Yes but I still think there's an anthropic principle going on here. Consider: the Moon has always been closer to Earth (on average) than it is at the present day. The tidal drag is pushing it in one direction only: outwards. So there have always been total eclipses, ever since the Moon first got into orbit around Earth. It's in the far future (several million years hence) that the prospect for total eclipses looks doubtful.

And plenty of other moons in the Solar System can cause total eclipses, as viewed from their primary. All four Galileans, plus Amalthea, can do so, in the case of Jupiter, for example.

It's the fact that the Moon (at perigee) only just covers the Sun's photosphere, with little to spare, which is the coincidence.

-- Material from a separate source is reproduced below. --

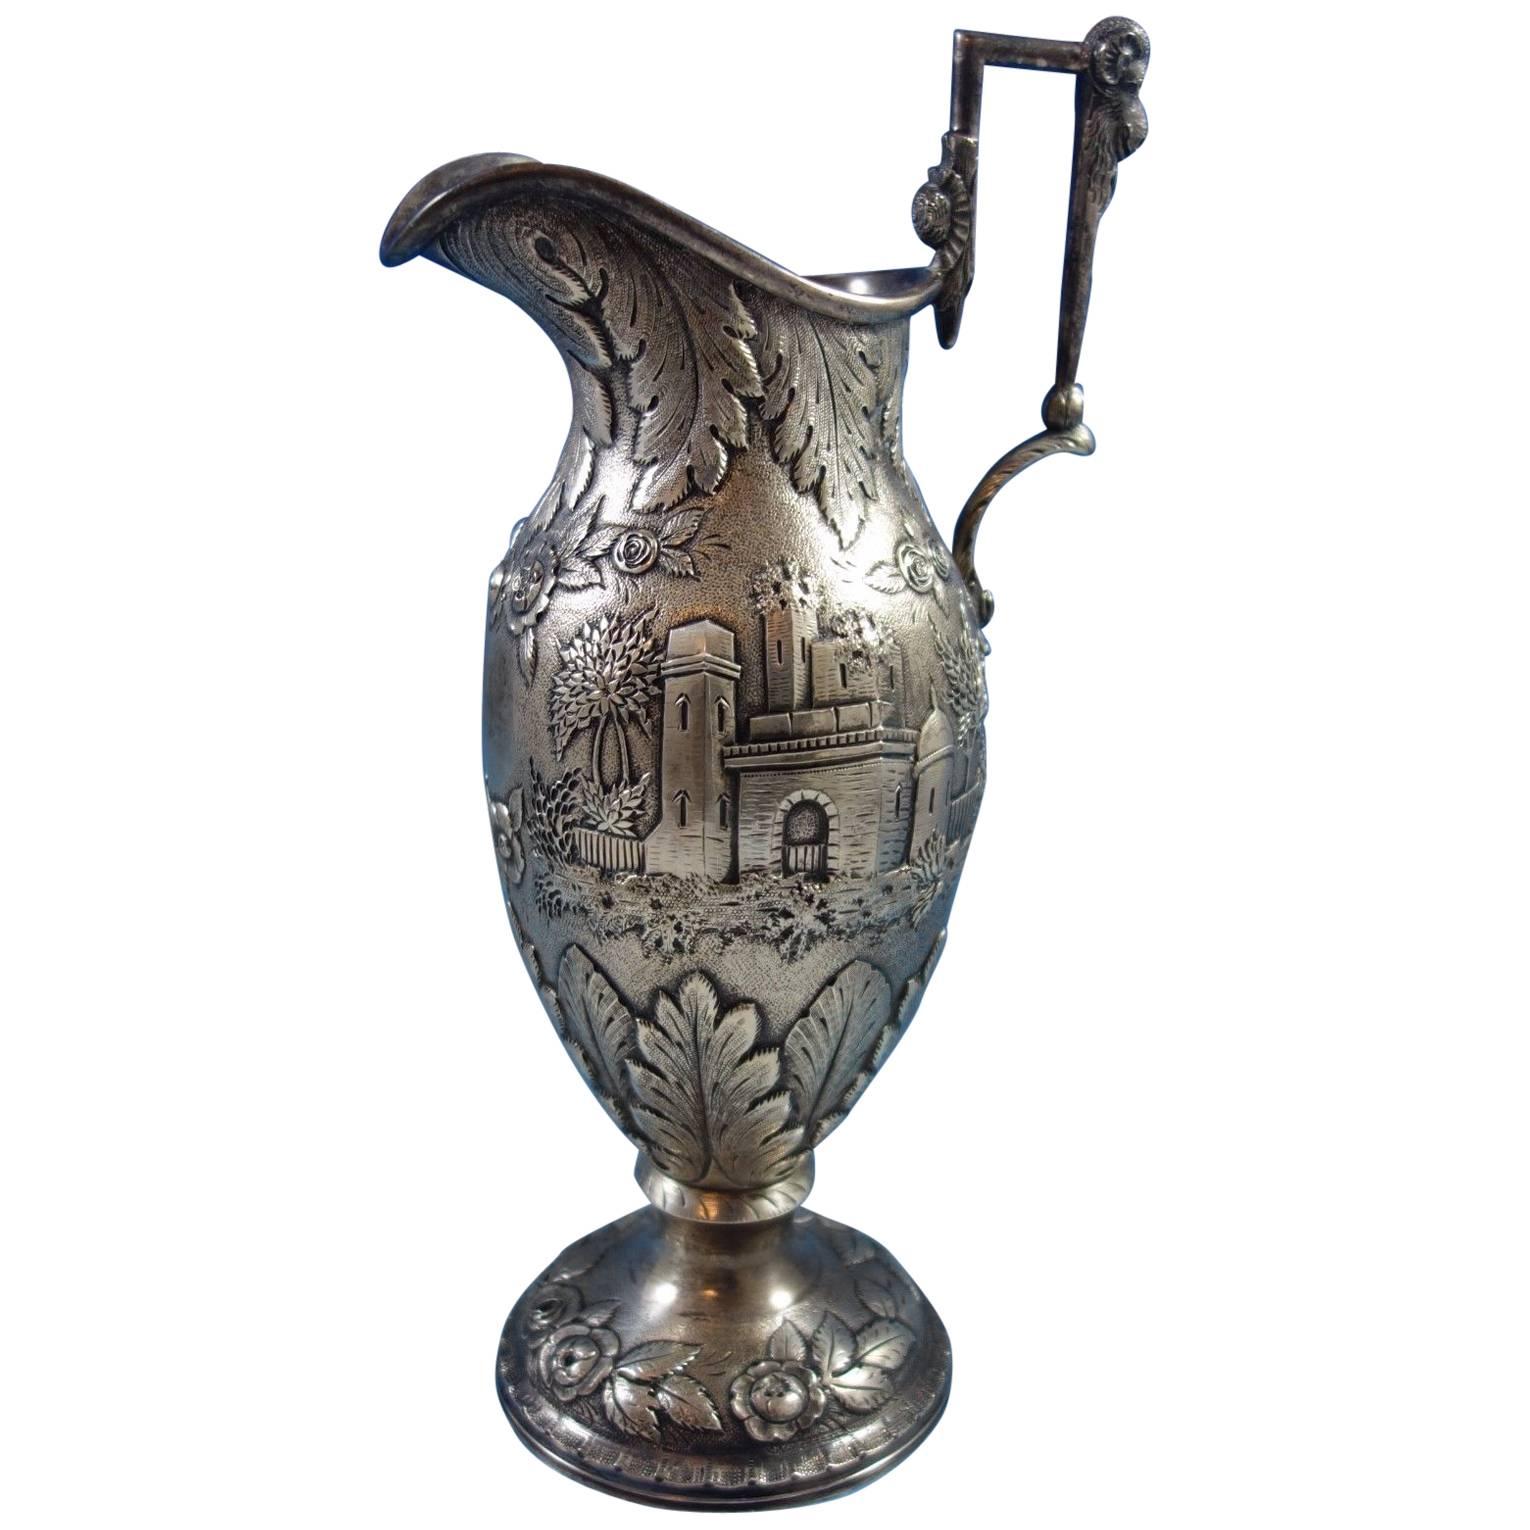 Repousse by AG Schultz Sterling Silver Milk Pitcher Architectural Castle, Leaves

This is what allows those of us who are lucky enough, to get the best possible view of the Corona.

This isn't something that's happened suddenly, of course, I guess for many millennia it's been like this.

And these many millennia are also the period in time in which Homo sapiens (and earlier species of Homo) have evolved into beings with a reasonable level of intelligence (some may dispute the 'reasonable').

Has this 'coincidence' had any part to play in our evolution?

All right, I'm sure some of you may argue, what about the dinosaurs, weren't they endowed with a lot more intelligence than they're usually (and stereotypically) credited with? Maybe. Whether the cleverest of our dinosaurs went to places where they could observe a total eclipse, and were able to appreciate the spectacle, I can't tell you....;)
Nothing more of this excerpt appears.